There was a thread a while back about the usefulness of voltage drops....
Last week I found a bad connection on a motor starter where the voltage drops correlated with the heat very well, which isn't always the case. Most of the time I have found that the difference in Voltage drop between the "Bad" Phase, and the "Good" phases are not much, to the point of being statistically insignificant. But in the case of the attached thermograph, it correlated rather nicely. The load was 27 amps. Wire gauge was 8 or 10. Temp was 120 C on B phase, and voltage drops were 94mv 294mv 49mv. Perhaps Voltage drops do not become significant until the severity of the anomaly is at this stage.

Voltage_drop.doc (92 Kb, 49 downloads)

Voltage drop confirms the location of an anomaly. It is usually used to confirm there is an internal problem. If all you have is a simple loose connection on a cable, it wont create a voltage drop.

Right, because the current will simply go through whatever remains of the good connection. Depending on load, you may have plenty of good conductor left to carry the load. You essentially have a parallel resistance circuit. But this begs the question: If there is heat, there must be resistance, if resistance, than a voltage drop. In this case, a load of 27.1 amp, VD of .294mv equals 8 watts of power used and resistance of only .01 ohms.
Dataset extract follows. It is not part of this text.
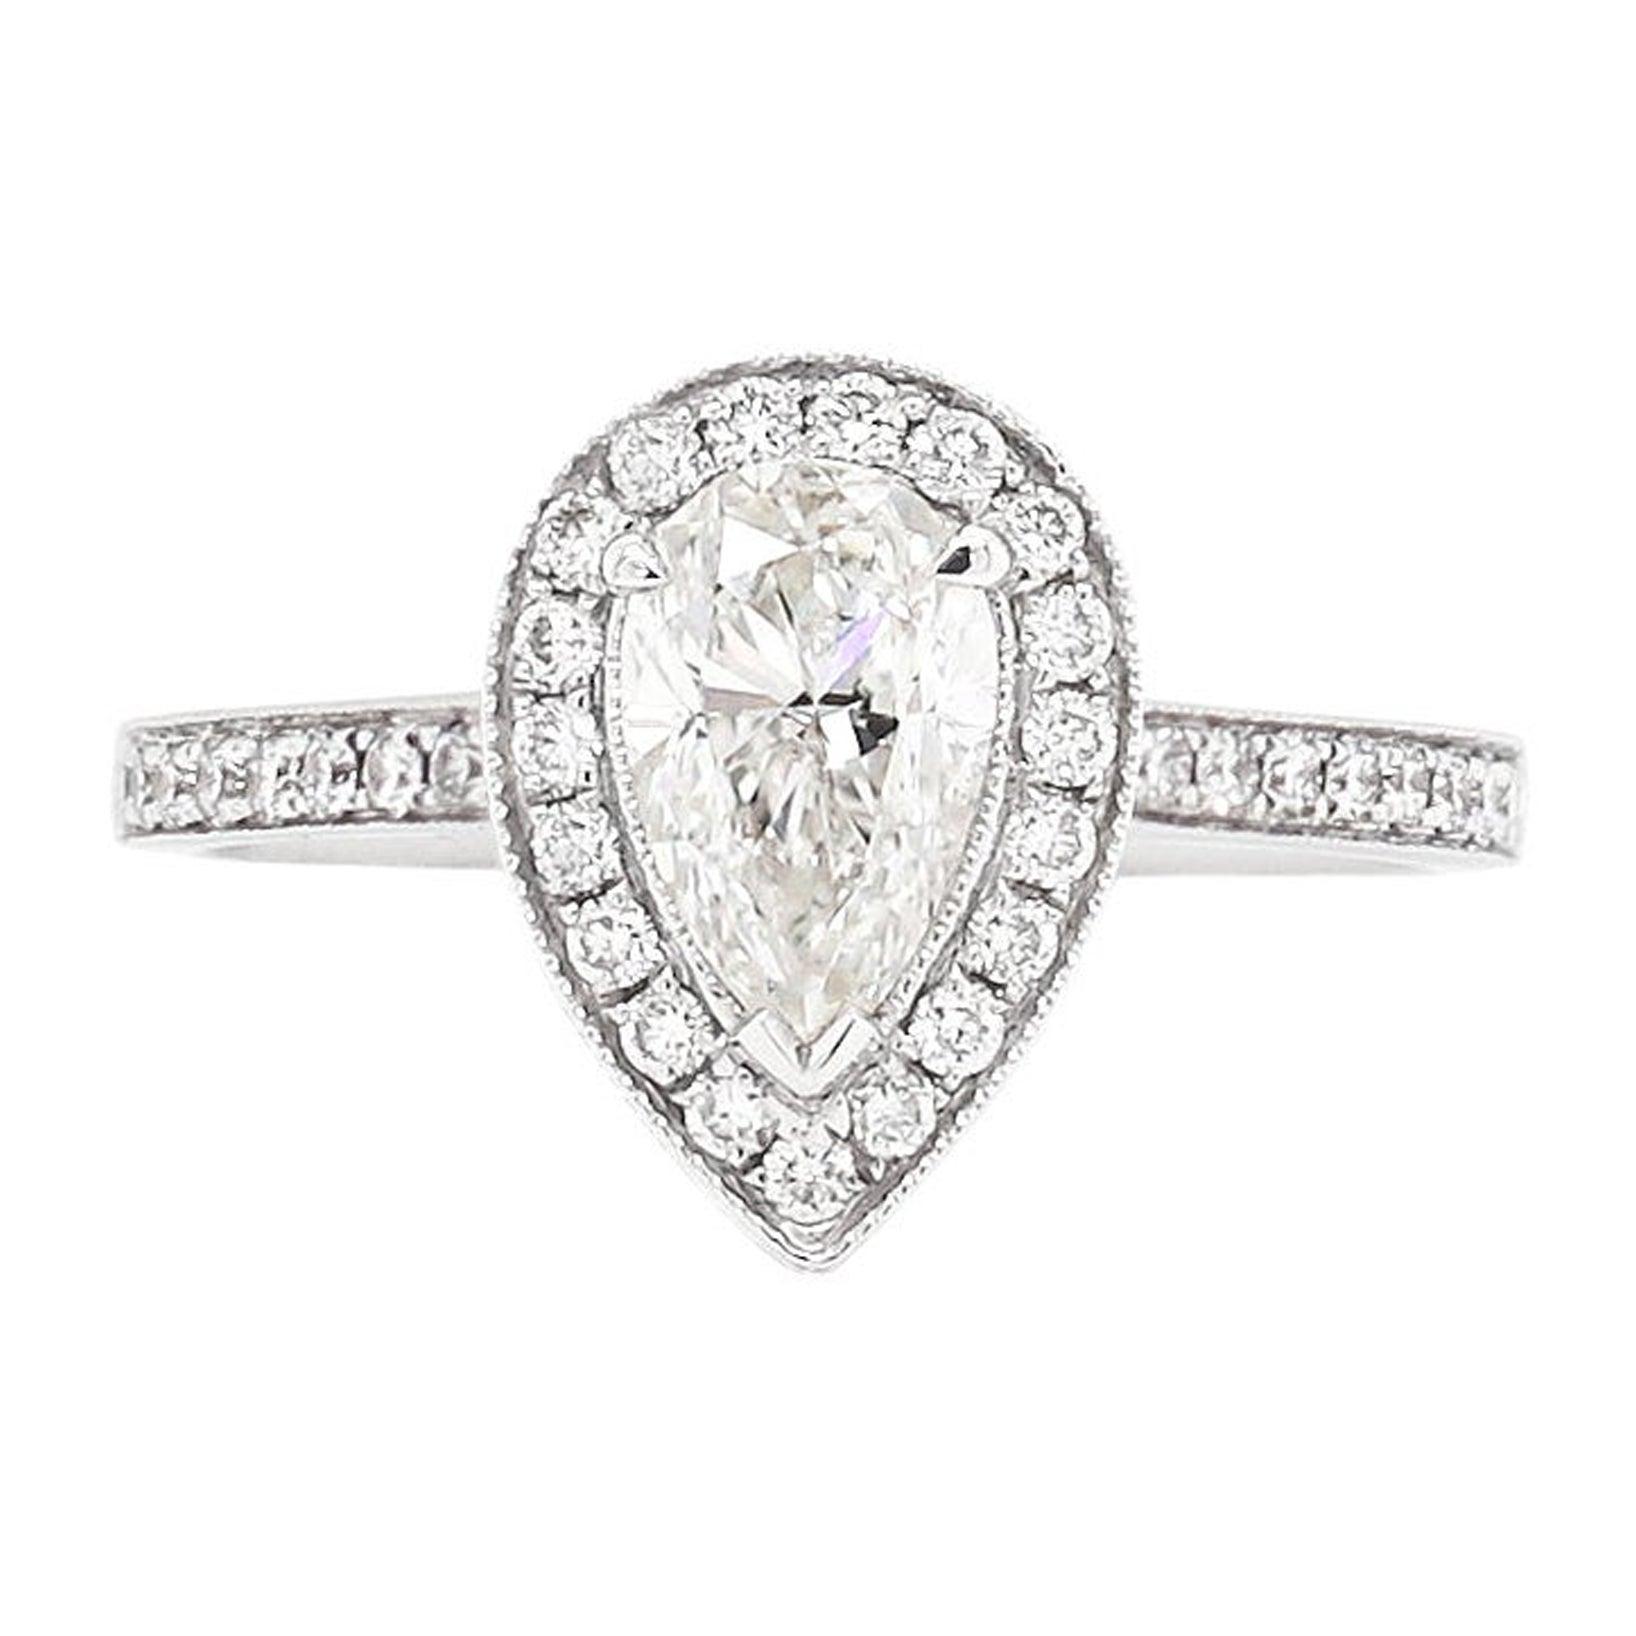 1.01 Carat G SI1 Pear Shape Diamond Halo 18 Carat White Gold Engagement Ring
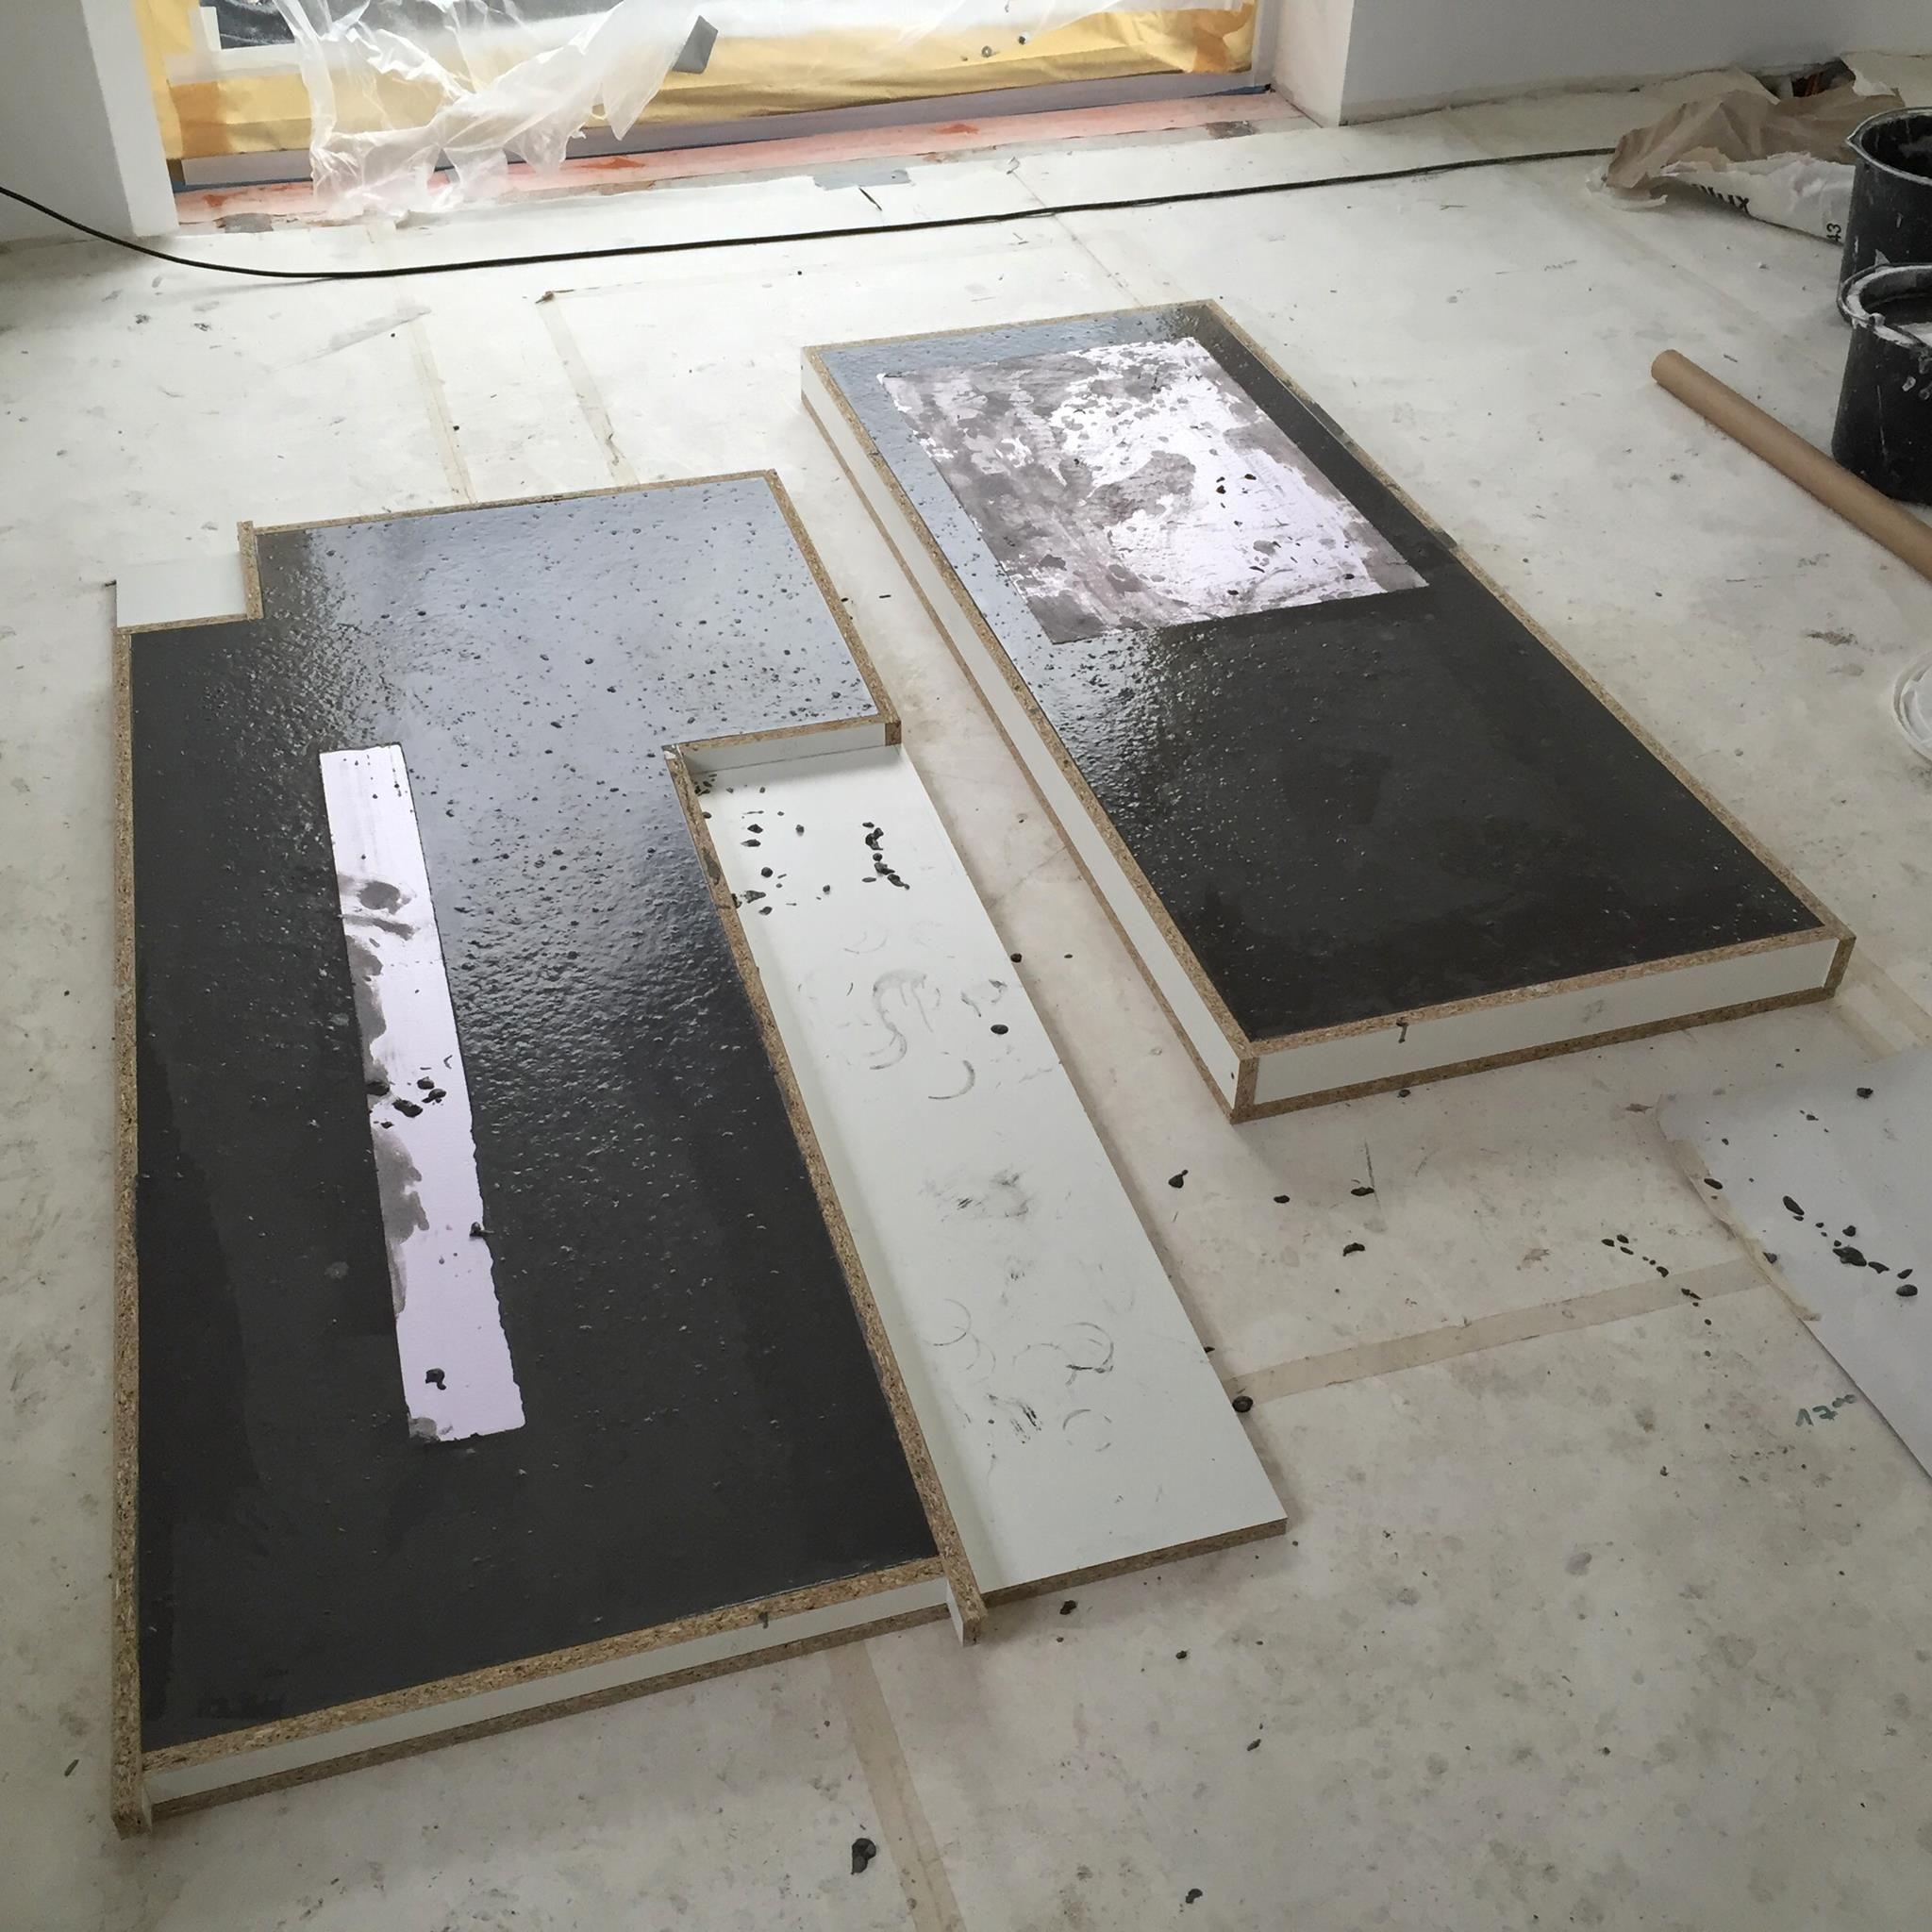 Arbeitsplatten Aus Beton Diy Bigmeatlove Arbeitsplatte Betonarbeitsplatte Arbeitsplatte Kuche

I have never seen an anomaly with a voltage drop greater than 1.

quote:

Originally posted by Bob Berry:
If all you have is a simple loose connection on a cable, it wont create a voltage drop.

The above contradicts basic rules of electricity.

Assuming that a loose connection manifested itself by temperature increase with current not affected, addtional power deltaP generated at loose connection will be:

deltaP = I^2 * deltaR
deltaR - connection resistance increase

or additional voltage drop
deltaU = I * deltaR

It is a separate question as to whether or not temperature increase deltaT is directly proportional to deltaU. This relationship may not be linear - the situation Martin runs into.

David, if you assume a serial connection you are correct, but a degrading connection becomes essentially a parallel connection, where the load goes through the path of least resistance.

Martin,

I assume that connection resistance is in series with the rest of the power circuit. Of course, you can view connection resistance itself as made out of several parallel branches. But once one of them opens up, overall connection resinstance goes up and my previous conclusion stands. Resistance goes up at poor connection - this is the key.

David

Yes, but if you read my post, it depends on the load. If you run 10 amps through a 0000 stranded cable (rated 300 amps+) even if 50% of the strands have burned parts which have very high resistance, the amount of contact area required to conduct 10 amps will certainly remain in the 50% that still has good contact. There will be no voltage drop other than the normal voltage drop associated with the normal resistance of copper wire because the load is less than the current carrying capacity of the remaining good contact areas. It is when the remaining good contact area becomes smaller than the load needs that we really begin to encounter meaningfull resistance to the current.

Connection resistivity vs. load is practically a flat straight line except for very-very low or high loads.